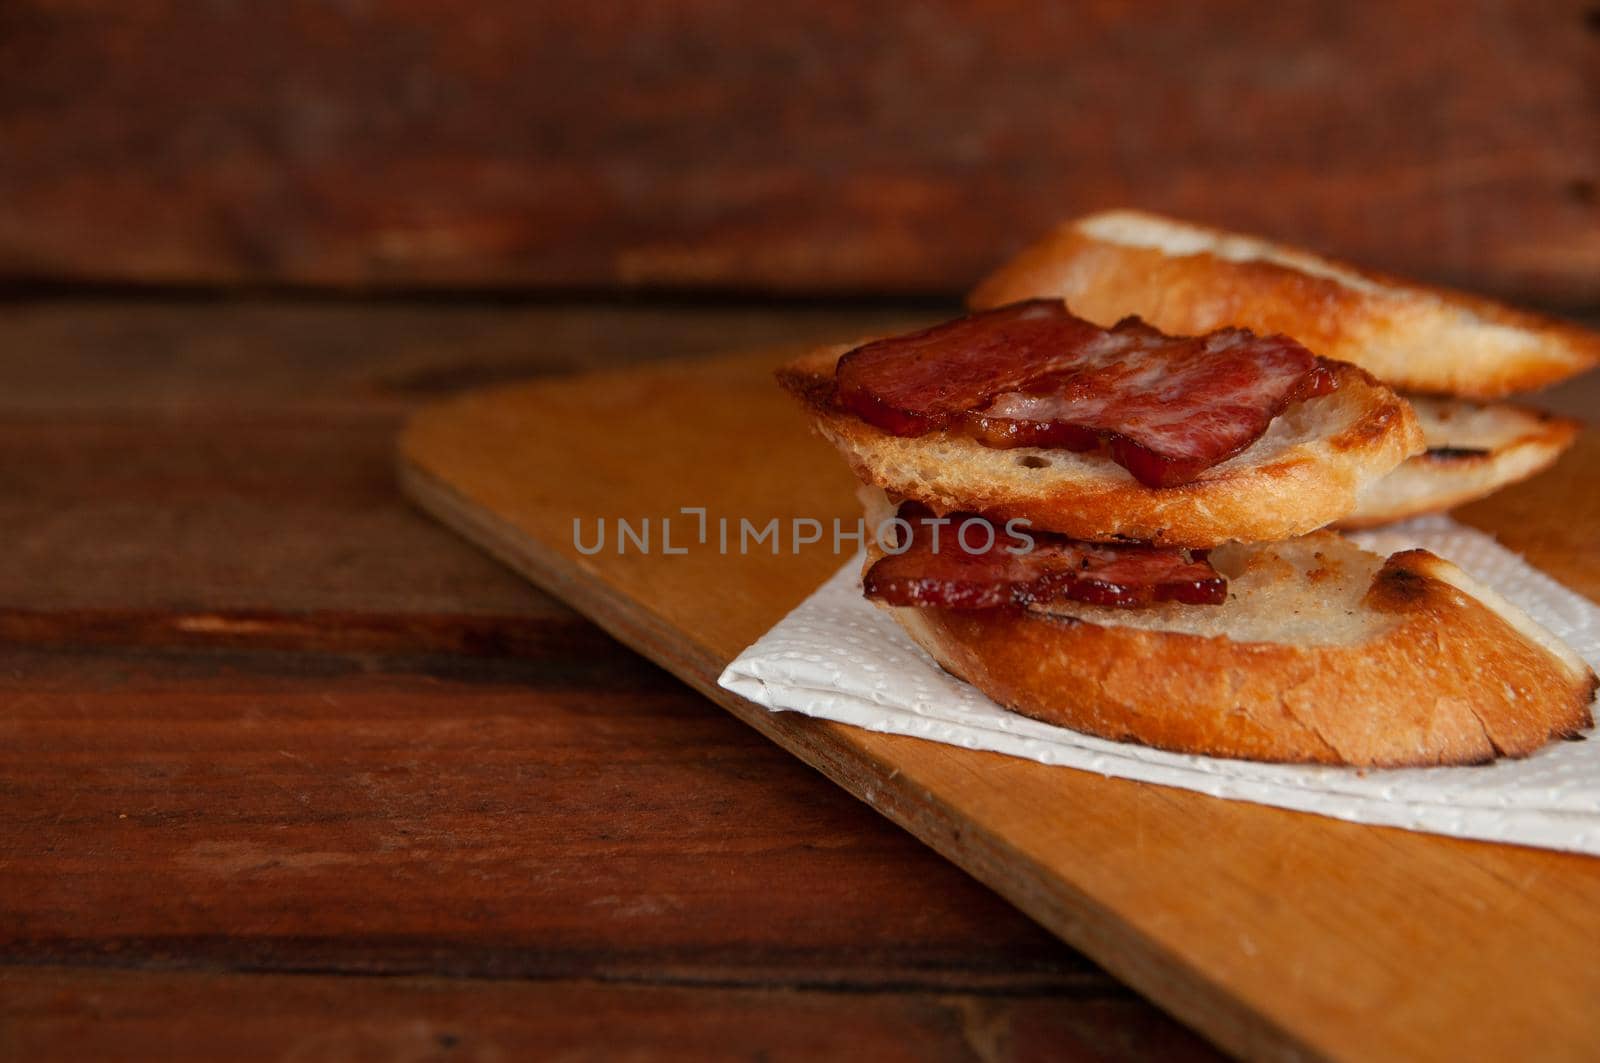 Using thick-sliced bacon to make a sandwich on whole-grain bread.
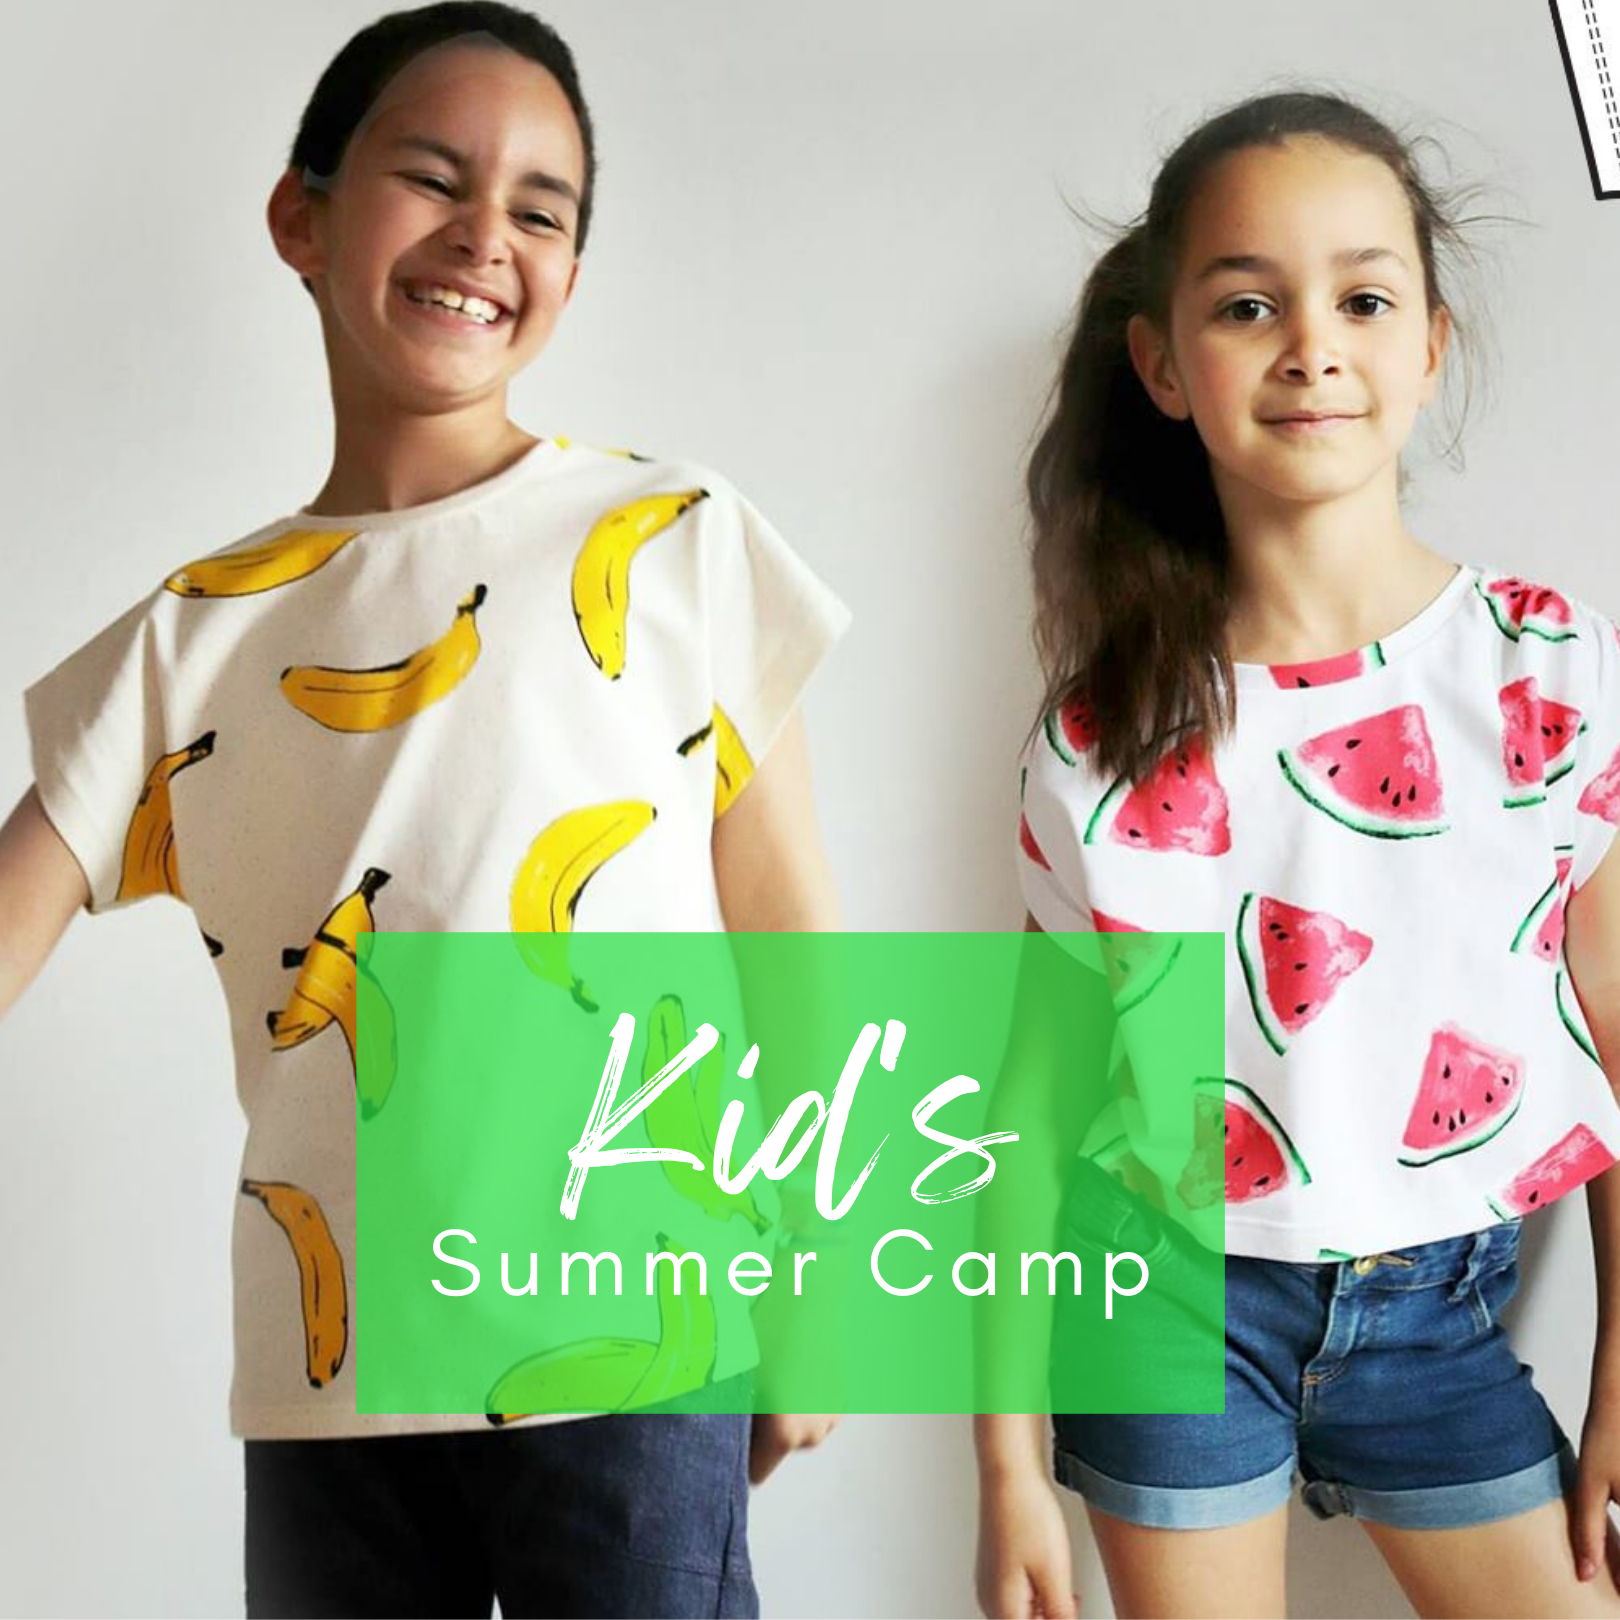 Kid's Sewing Summer Camp
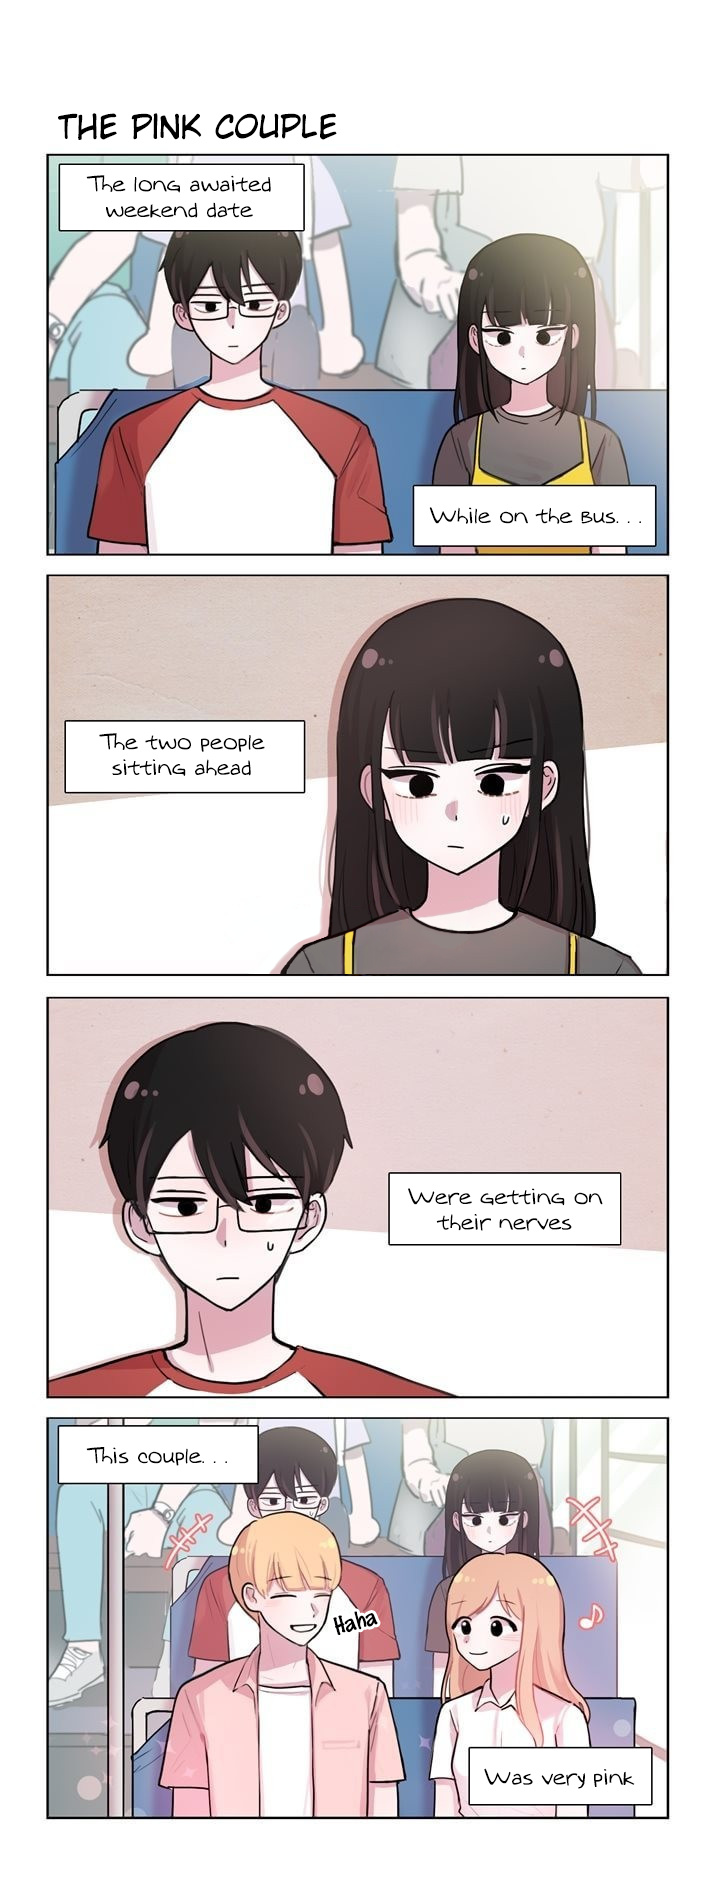 She Hates Me Vol.1 Chapter 88: The Pink Couple - Picture 2
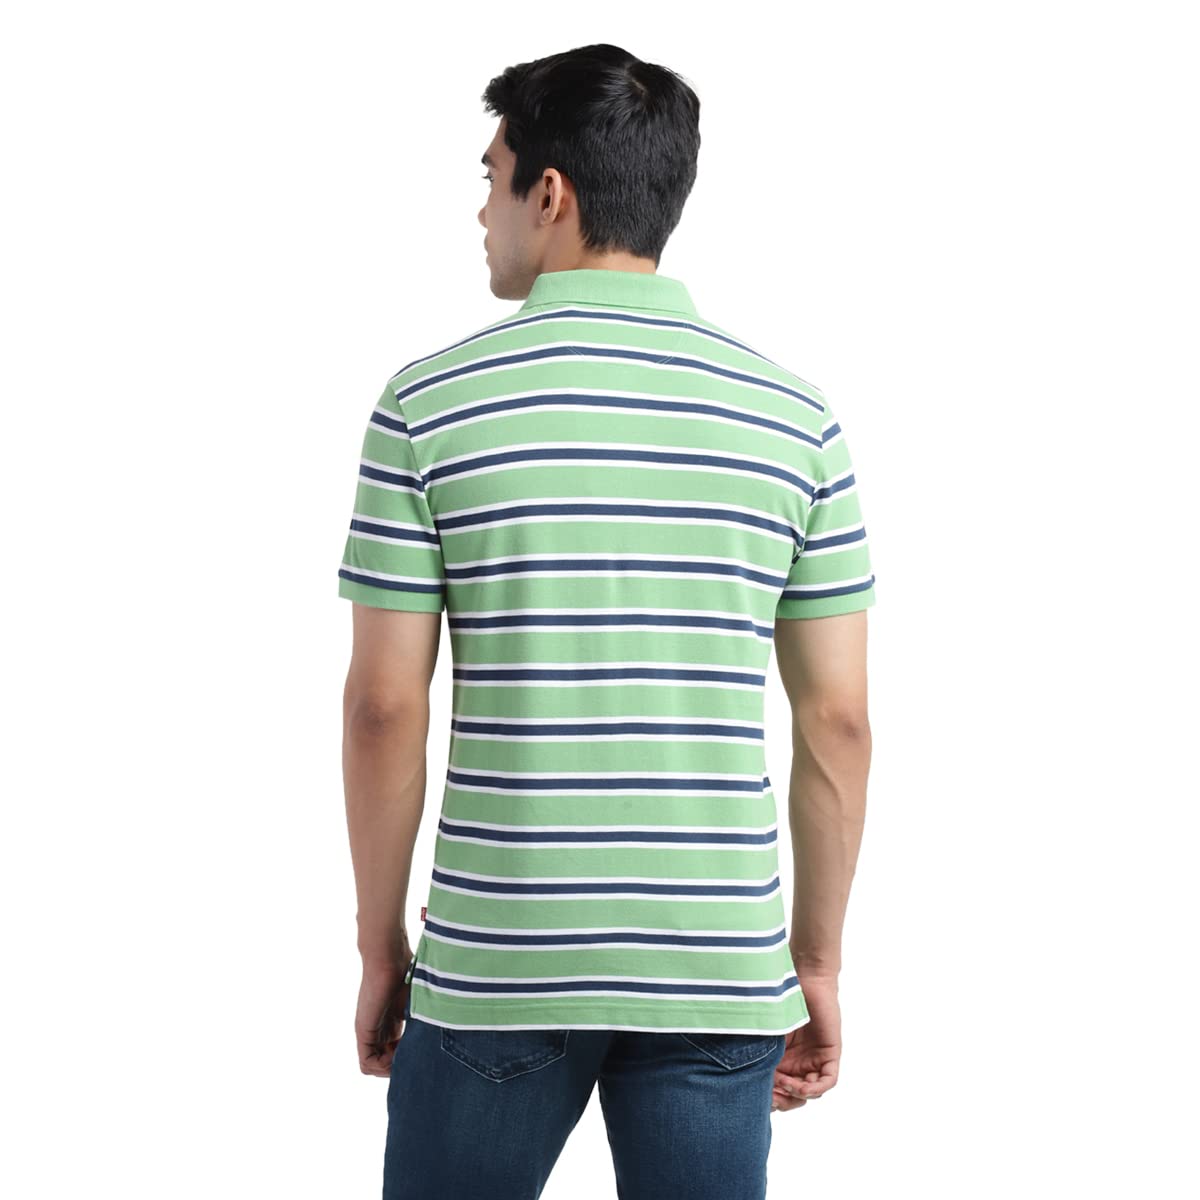 Levi's Men's Fitted Polo Shirt (17474-0267_Peppermint Green/Blue M)

◆ ◆ ◆ ◆ ◆

Transcribe the material as is, with images omitted.

 Using thick-sliced bacon to make a sandwich on whole-grain bread.
 Kid's Sewing Summer Camp
 She Hates Me Vol.1 Chapter 88: The Pink Couple - Picture 2
 Levi's Men's Fitted Polo Shirt (17474-0267_Peppermint Green/Blue M)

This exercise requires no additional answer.